We identified 239 newly diagnosed patients with DLBCL aged over 70 years from January 2012 to July 2020. The clinical characteristics are listed in Table 1. The median age at diagnosis was 75.4 years (range, 70–91 years), and the ratio of males to females was 1.5:1. Stage III/IV patients accounted for 59.8% and 27.2% had extranodal involvement at more than one site. There were 200 patients who with a classified subtypes using the Hans algorithm, 21.8% for the GCB subtype, 61.9% for the non-GCB subtype, and 16.3% of the patients remained with unknown subtype. According to the IPI score (Project TIN- HsLPF, 1993), 25.5% of the cases were evaluated as belonging to the high-risk group. Approximately 85.8% of patients had other diseases.

TABLE 1

TABLE 1. Clinical characteristics of 239 patients with DLBCL at diagnosis.

Treatment and Response

As presented in Table 2, 228 patients received initial treatment, including 91.6% receiveing chemotherapy, and 3.8% radiotherapy or surgery, while 4.6% of patients received no therapy. In total, there were 219 patients received chemotherapy alone or with rituximab (Table 3); 1,029 total treatment cycles were administered and the median number of cycles for each patient was 4.7 (range, 1-6 cycles). The most common chemotherapy regimen applied was CHOP (cyclophosphamide, doxorubicin, vincristine, prednisone), accounting for 84.5%, and other regimens including CVP (cyclophosphamide, vincristine, prednisone), BR (bendamustine, rituximab), oral etoposide or cyclophosphamide. Rituximab was not administered in 28.8% of the patients. A reduction in chemotherapy dose occurred in more patients over 80 years than those aged 70–79 years (45.1% vs. 20.1%, p < 0.001).

TABLE 2

TABLE 2. Initial treatment regimens of patients with DLBCL (n=239).

TABLE 3

TABLE 3. Chemotherapy regimens adopted in patients with DLBCL (n=219).

Survival Outcomes

With a median follow-up of 50 months (range, 1–102 months), the median PFS and OS were 42.1 and 96.4 months, respectively (Figure 1). The 2-year PFS and OS rates of the entire cohort were 53.0% (95% CI: 46.5–59.5%) and 65.5% (95% CI: 59.4–71.2%), respectively (Figure 1). The estimated 5-year PFS and OS rates were 44.7% (95% CI: 38.0–51.4%) and 56.1% (95% CI: 49.4–62.8%), respectively (Figure 1). Between patients younger and older than 80 years, the 2-year PFS and OS rates did not show any significant differences (data not shown): 54.5% (2-year PFS rate, 95% CI: 47.4–61.6%) and 68.0% (2-year OS rate, 95% CI: 61.5–74.5%) in the younger group; and 45.3% (2-year PFS rate, 95% CI: 29.4–61.2%) and 52.9% (2-year OS rate, 95% CI: 37.0–68.8%) in the older group, respectively.

FIGURE 1

FIGURE 1. Kaplan-Meier survival curve of progression-free survival (PFS) and overall survival (OS) of 239 DLBCL patients. The 2-year PFS and 2-year OS rates were 53.0% and 65.5%, the estimated 5-year PFS and OS rates were 44.7% and 56.1%, respectively; the median PFS and median OS were 42.1 and 96.4 months, respectively.

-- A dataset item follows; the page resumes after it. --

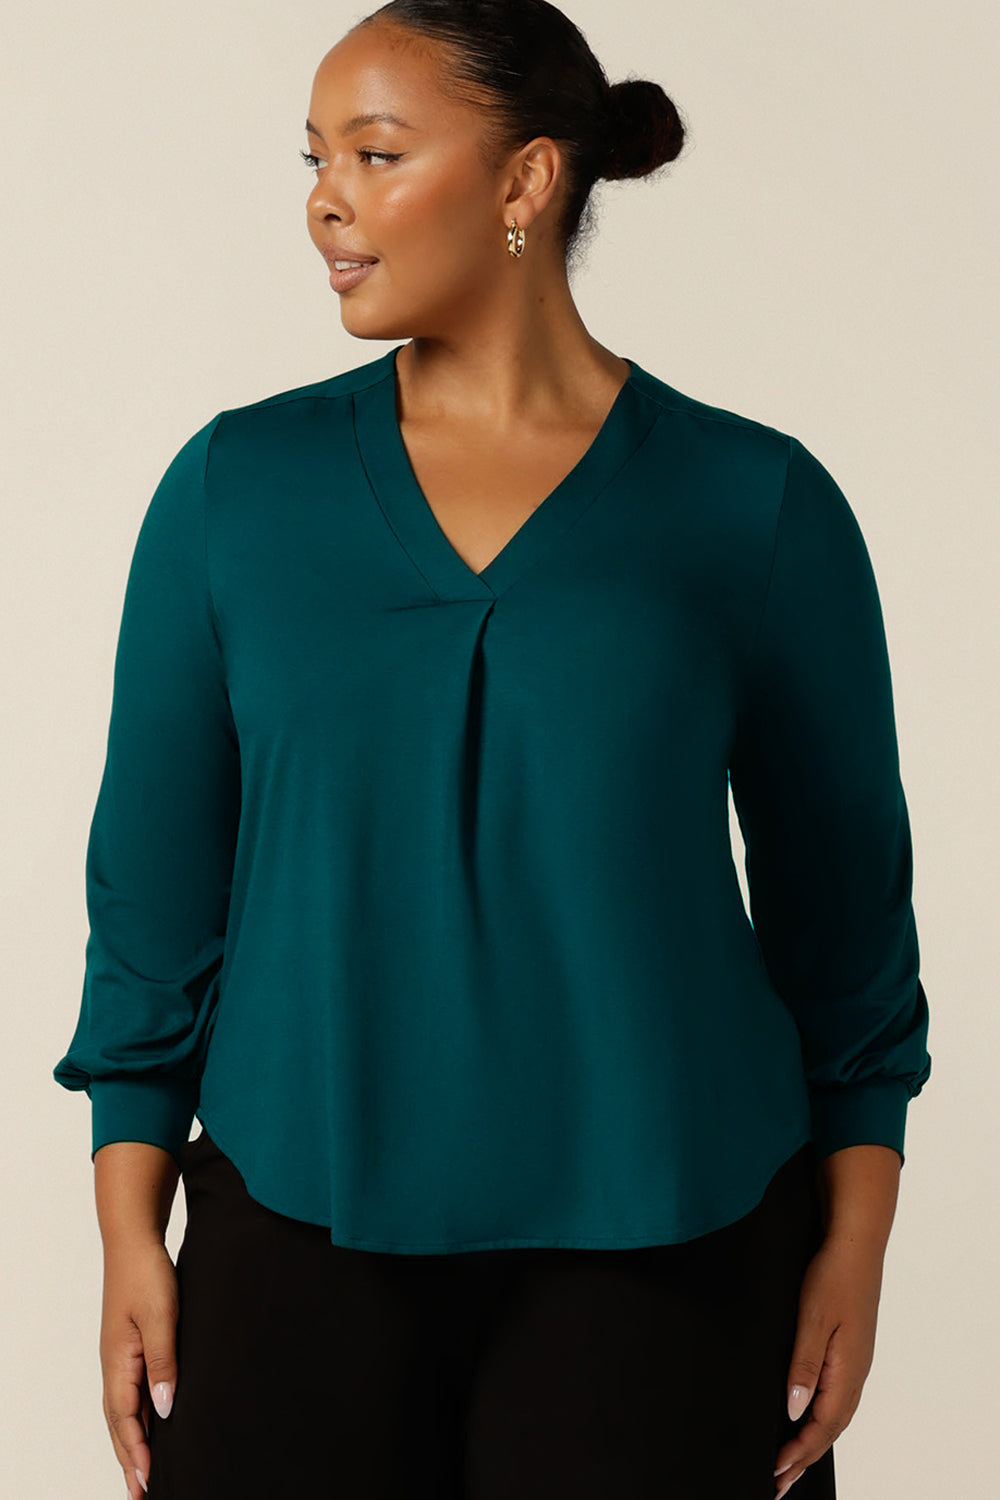 A size 18, plus size woman wears a long sleeve, V-neck top in bamboo jersey., this top is good for work and casual wear.
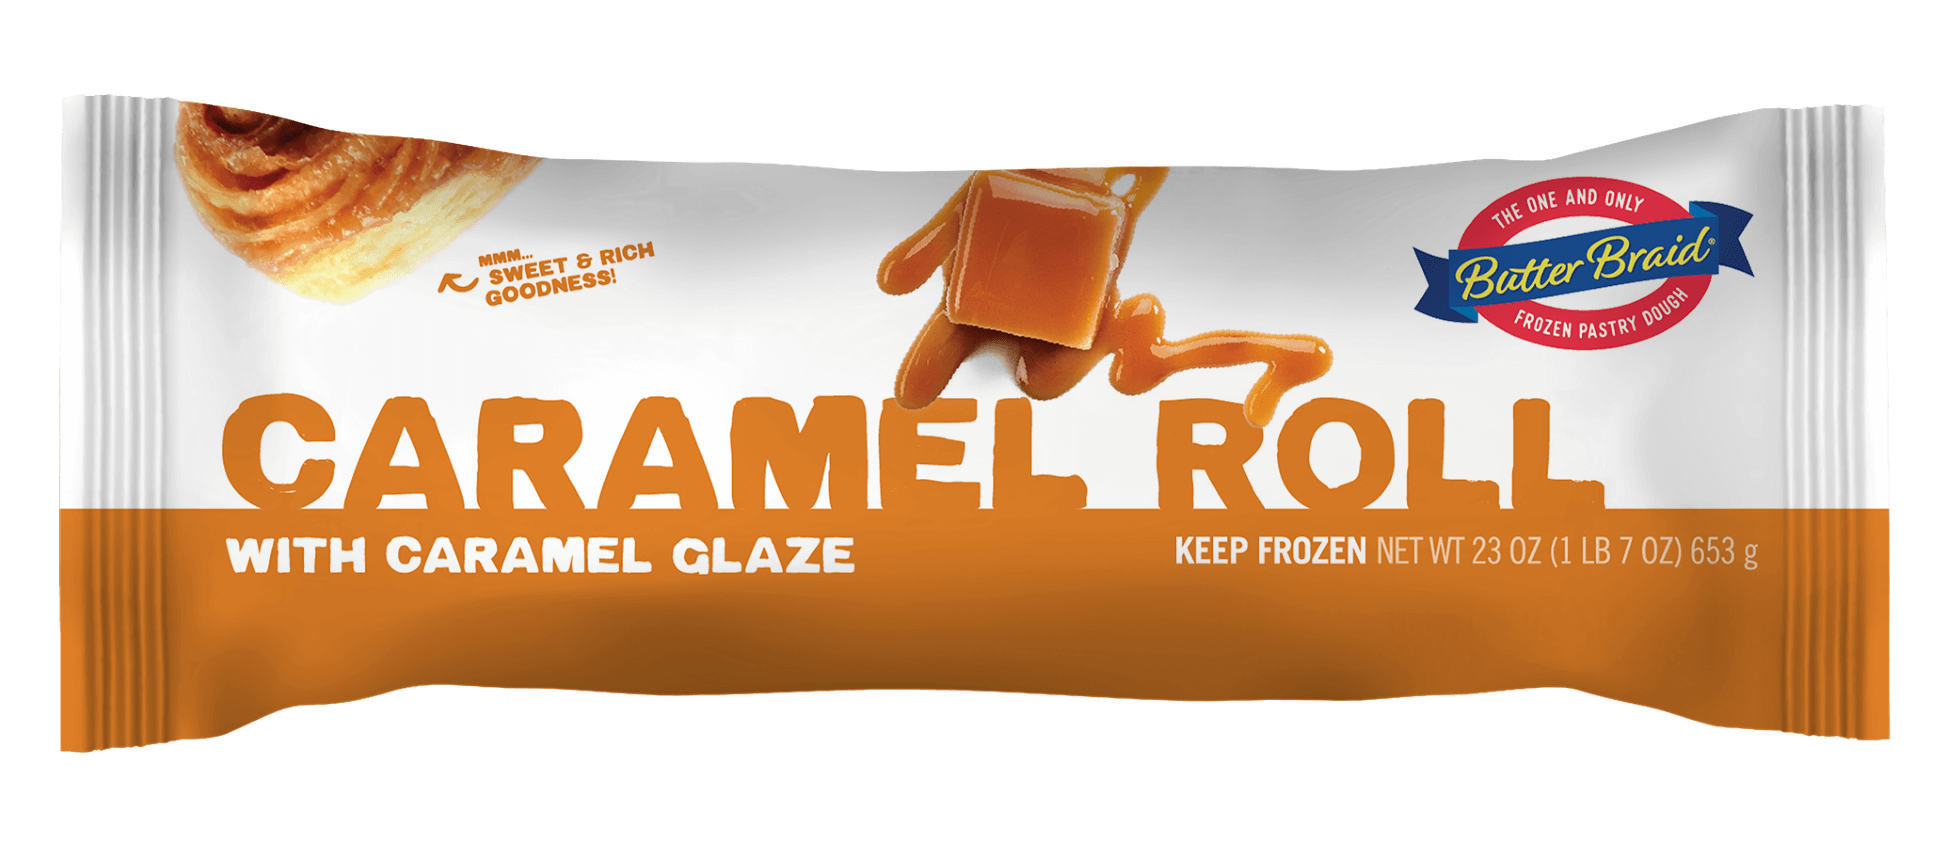 Caramel Pastry Roll packaging

In our study, the impact of rituximab on PFS and OS was also evaluated. We found that rituximab-included regimens could markedly improve OS for the entire cohort. The 2-year OS rates were 72.9% (95% CI: 65.9–80.1%) in the rituximab group and 56.8% (95% CI: 44.5–69.2%) in the non-rituximab group, and the 5-year OS rates were 63.6% (rituximab group, 95% CI: 55.2–72.0%) and 50.1% (no-rituximab group, 95% CI: 37.6–62.6%), respectively (p = 0.008) (Figure 2). The 2-year PFS rates were 61.7% (95% CI: 51.7–67.3%) in the rituximab-containing treatment group, and 49.1% (95% CI: 31.9–56.5%) for chemotherapy without rituximab. The estimated 5-year PFS rates were 50.5% (rituximab group, 95% CI: 42.1–58.9%) and 40.7% (no rituximab group, 95% CI: 28.4–53.0%), respectively (p = 0.082) (Figure 2).

FIGURE 2

FIGURE 2. Kaplan-Meier survival curve of PFS and OS for DLBCL patients stratified by rituximab usage. The 2-year PFS rates were 61.7% (rituximab group) and 49.1% (no rituximab group), respectively, p = 0.082; the 2-year OS rates were 72.9% (rituximab group) and 56.8% (no rituximab group), respectively, p = 0.008.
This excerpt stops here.